From a cash perspective, market players can be roughly divided in two categories:
- Self-financing players, ensuring liquidity through their own central bank account or their agent bank account, while leveraging assets eligible at central banks to get an intraday credit line and optimising liquidity cost. Their objective is to limit the liquidity and collateral required to fund settlement. However, even investors with traditionally long cash balances can find themselves in need of liquidity solutions, especially in specific market conditions causing turnover to peak.
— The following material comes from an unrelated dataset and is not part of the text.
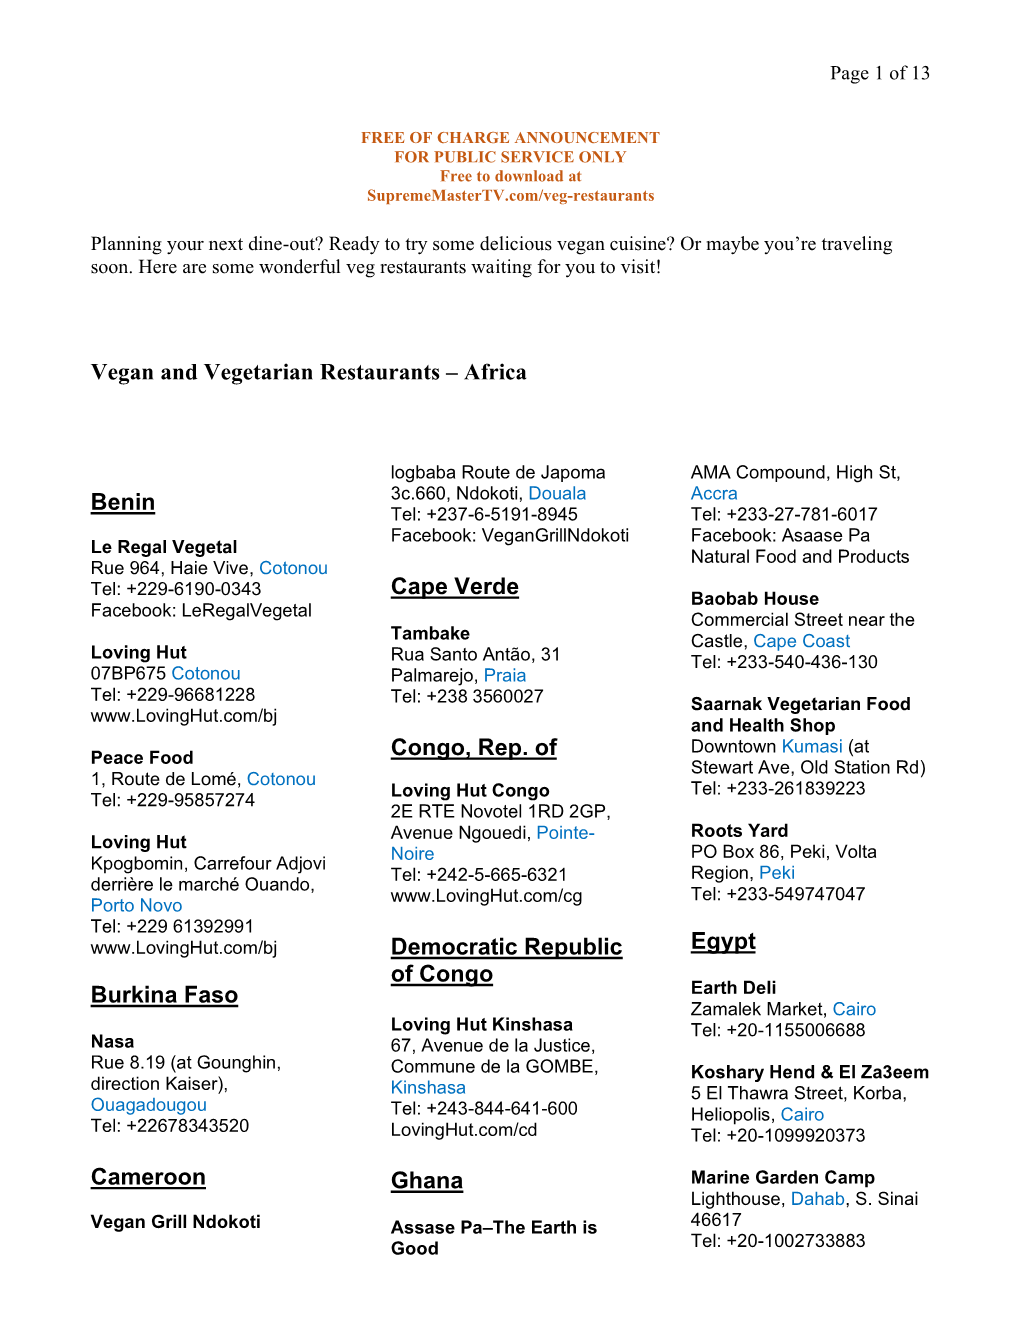 Vegan and Vegetarian Restaurants – Africa

- High financing consumers. These rely on their agent bank to get intraday credit lines, with or without collateral. Their objective is to secure sufficient credit lines at a reasonable cost of liquidity and collateral. For example, some agent banks are able to extend credit on the basis of the portfolio instant valuation, avoiding the need to immobilise collateral regardless of the asset class.
In all cases, ensuring the liquidity of the system while minimising its costs is the Holy Grail of both treasurers and collateral managers. Now that 90% of total foreseen volumes have been onboarded in the platform, does T2S help achieve this goal? We propose to answer this question leveraging our experience since T2S’ launch, across all T2S major markets.
Intraday liquidity cost is not only the cost of liquidity…
The first and obvious cost of intraday liquidity is how much the treasurer has to pay to source the cash he will inject in the T2S dedicated cash account. This cost is highly dependent on the available long cash balances or the cost to source collateral. Also, having to mobilise significant amounts of cash to fund the settlement activity precludes from using this cash as collateral or to invest it in money markets.
On the contrary, not foreseeing enough cash may result in settlement fails or blocking, which could trigger penalties, buy-ins, collateral neutralisation by central banks, unability to cover exposures and finally client dissatisfaction. Strict monitoring must be put in place, and responsiveness is the key.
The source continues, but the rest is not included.